The Engineer Tutor
Learn from our Experience
The next step is doing a serial interface. This seems to be a logical step in our exploration of this library. There is a module to give you a serial port and the PIC hardware supports a serial port which doesn’t take much time at all to handle. You can run it at various baud rates but it does take some configuration to get it to work.
A serial port takes parallel data written by the microcontroller and turns it into serial data. It then takes serial data and turns it back into parallel data for the microcontroller to read. That is the basic function of a serial port.
To configure the serial port we need to first set a couple of pins of the microcontroller to be the serial transmit and the serial receive. To do this we call the following routine. There are only a few pins that can be used as the serial transmit and serial receive. The following pins can be used.

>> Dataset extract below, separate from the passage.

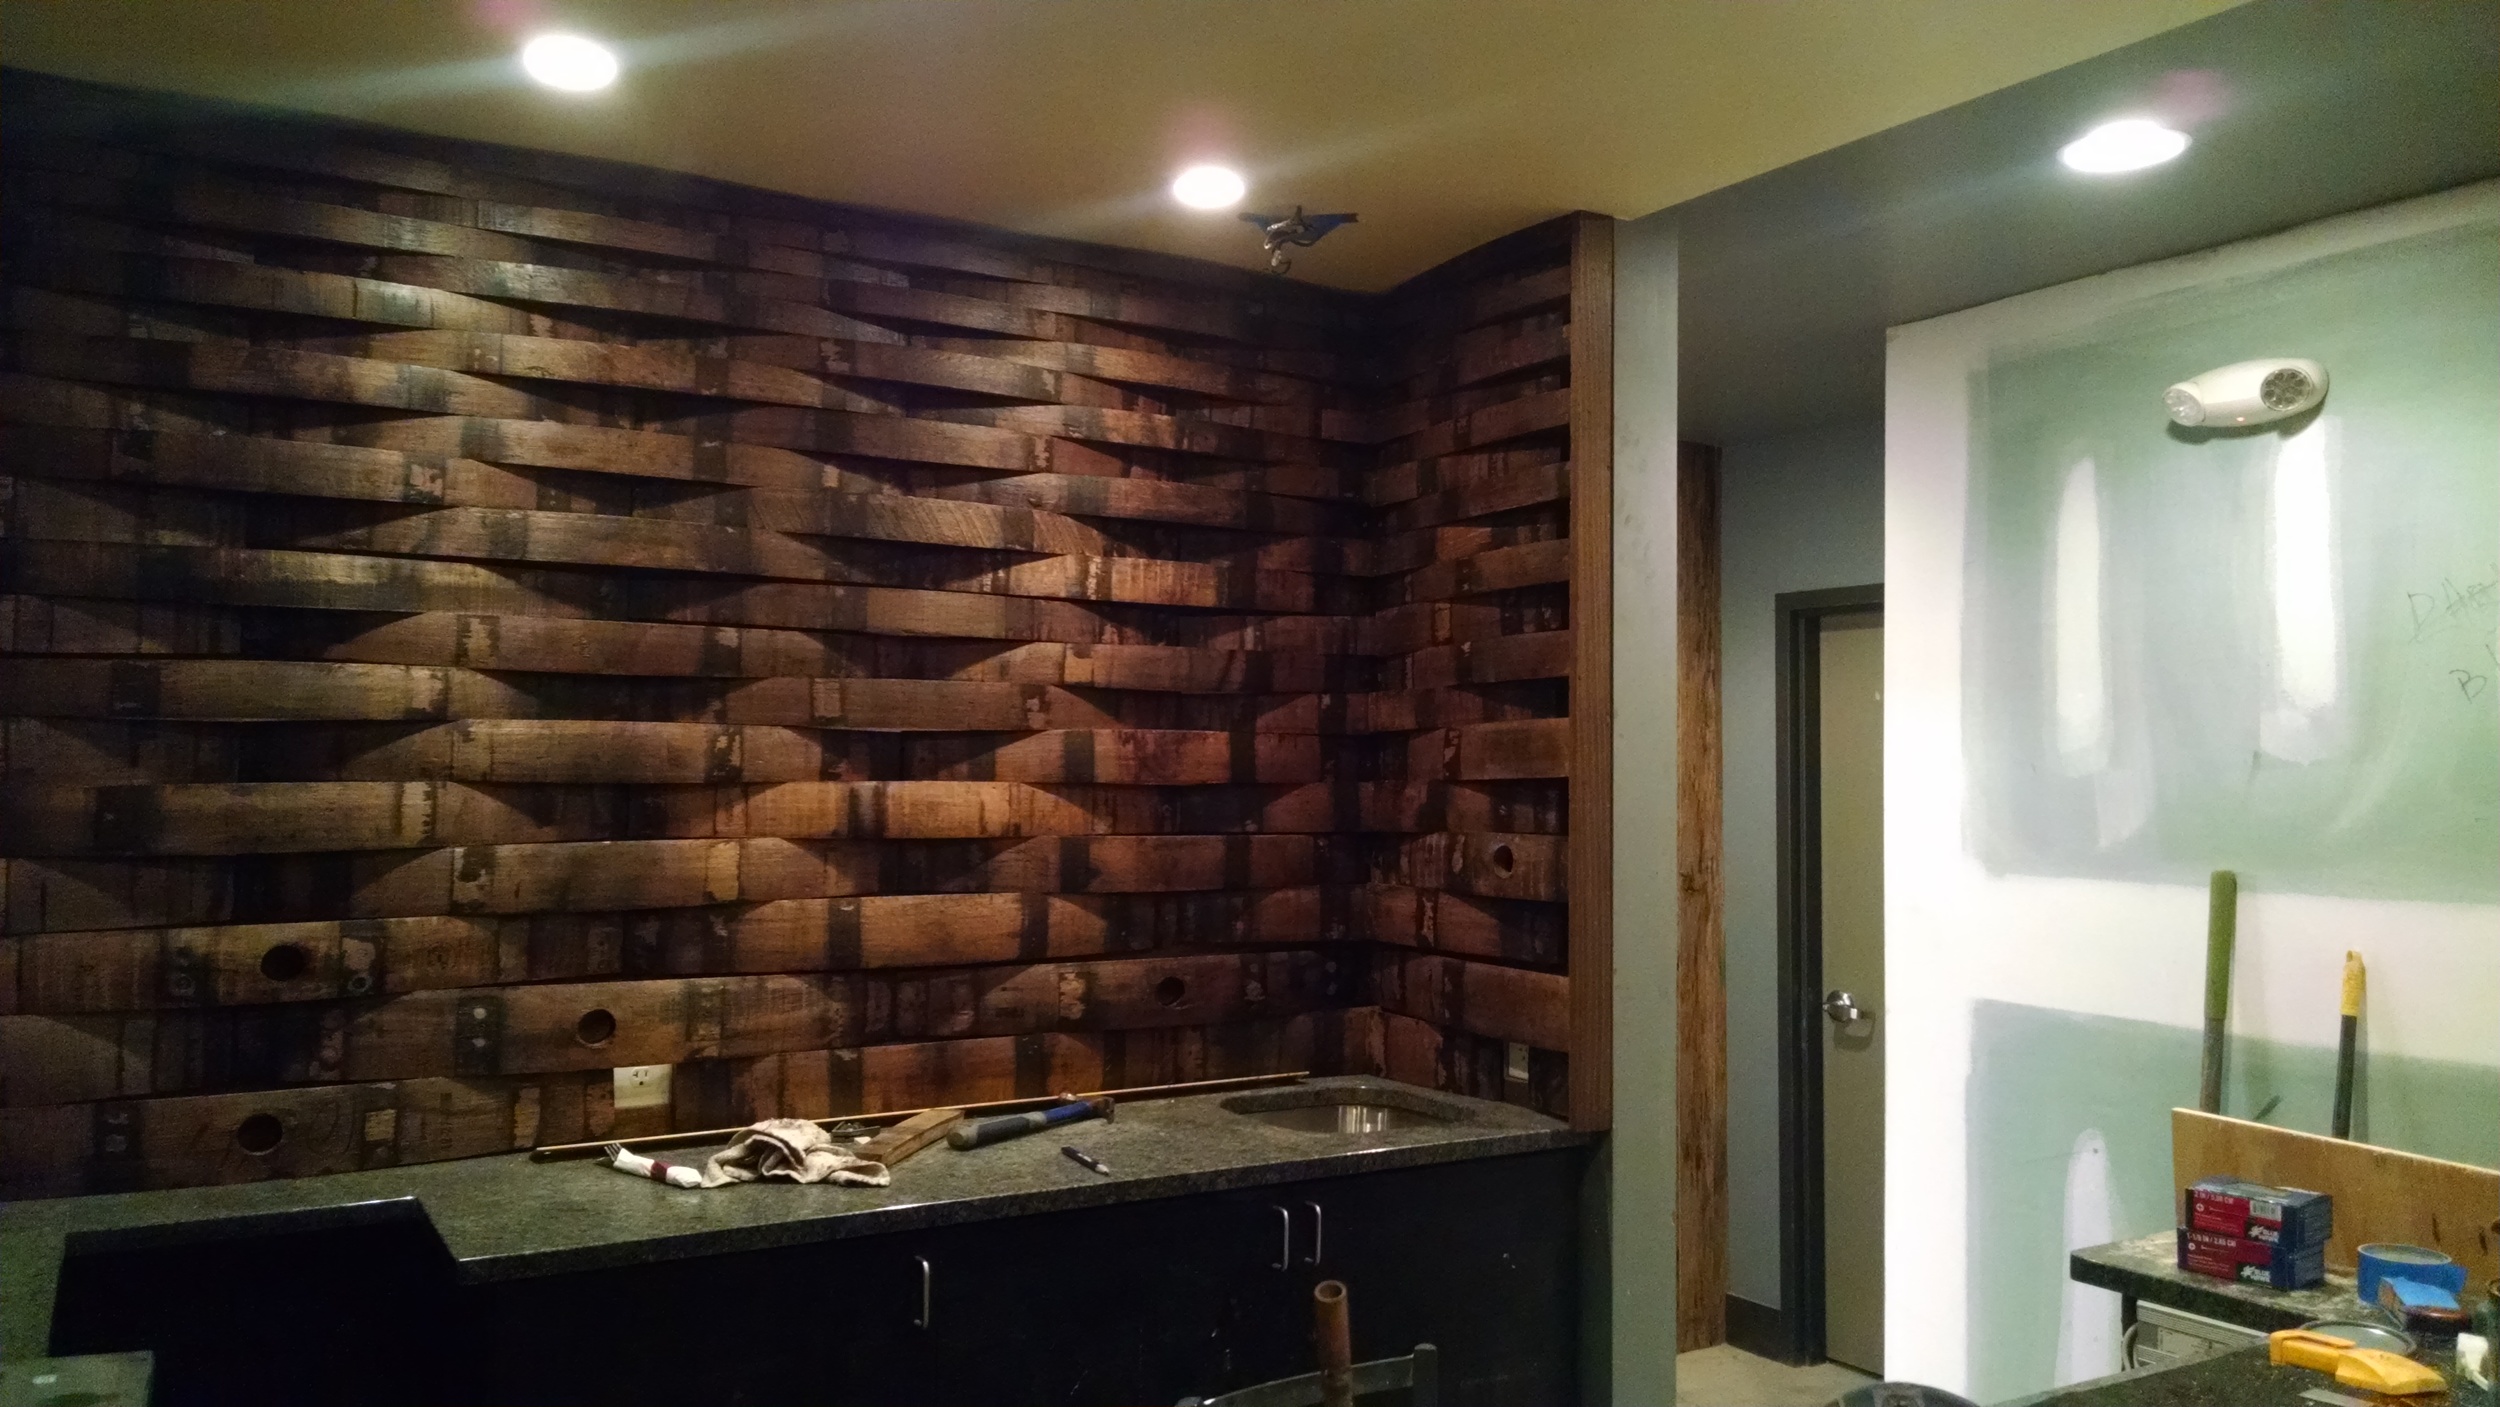 Whiskey Bourbon Barrel Stave Bar Back Shelf

Pin 11, 16, 24, 25, and 26
To setup pins 11 and 24 as receive and transmit respectively you would do the following:
uart1Pins(11, 24);
Here is a full schematic of the additional serial port connection.
Serial Port Connection
That would do it. The following code implements what we have been talking about. To test this code you will need a TTL RS232 to USB adapter cable. These can be found at Sparkfun. The cable is simple to hook up. If you have configured the pins as suggested in the above tutorial simply hook the black wire to ground, the yellow wire to pin 24, and the orange wire to pin 11. That should get you hooked up. Now use Teraterm or some other terminal program setup at 9600 baud. Type some characters and they should be echoed back to you if all is working.
#include <p24fxxxx.h>
#include "rtos.h"
#include "pins.h"
#include "initializeSystem.h"
#include "uart1.h"
#include "uart1Pins.h"
#define FIVE_MINUTE_DELAY 5
#define TEN_MINUTE_DELAY 10
#define TWENTY_MINUTE_DELAY 20
unsigned int on = 0;
//
/******************************************************************************
* Function void blink(void)
*
* This function is called by the RTOS when the delay has expired. Interesting
* to note that you have to call the delay routine again to get another delay.
* The LED is flashed in this routine.
*
* PreCondition: None
*
* Input: None
*
* Output: None
*
* Side Effects: blinks the LED and also toggles the on variable between 1 and
* 0.
*
*****************************************************************************/
void
blink(void)
{
if (on)
{
digitalWrite(16,HIGH);
on = 0;
}
else
{
digitalWrite(16,LOW);
on = 1;
}
if (!delayMS(blink,500))
{
runNext(); // next item to be run
// wasn't able to add to the delay queue. It must be full.
// Try again.
while (!delayMS(blink,500))
runNext();
// or you could setup an infinite loop to catch the error in
// a debugger.
// while (1)
// ;
}
}
void
serial1Handler(void)
{
int sChar;
while (uart1IsChar())
{
sChar = uart1GetChar();
uart1put((unsigned char)sChar);
}
// wait for next character
while (!queueSerial1(serial1Handler))
runNext();
}
/******************************************************************************
* Function: void main(void)
*
* PreCondition: None
*
* Input: None
*
* Output: None
*
* Side Effects: None
*
* Overview: Main program entry point.
*
* Note: None
*****************************************************************************/
int main(void)
{
initializeSystem();
pinMode(16, OUTPUT);
// make serial pins inputs
pinMode(11, INPUT);
pinMode(24, INPUT);
// map rx pin to pin 11 and tx pin to pin 24
uart1Pins(11,24);
uart1Init(9600);
while (!queueSerial1(serial1Handler))
runNext();
while (!delayMS(blink,500))
runNext();
while(1)
{
runNext();
}//end while
}//end main
See the library configuration section of the getting started tutorial. It will show you how to get the library and how to take the above code and combine it with the library to create some working firmware.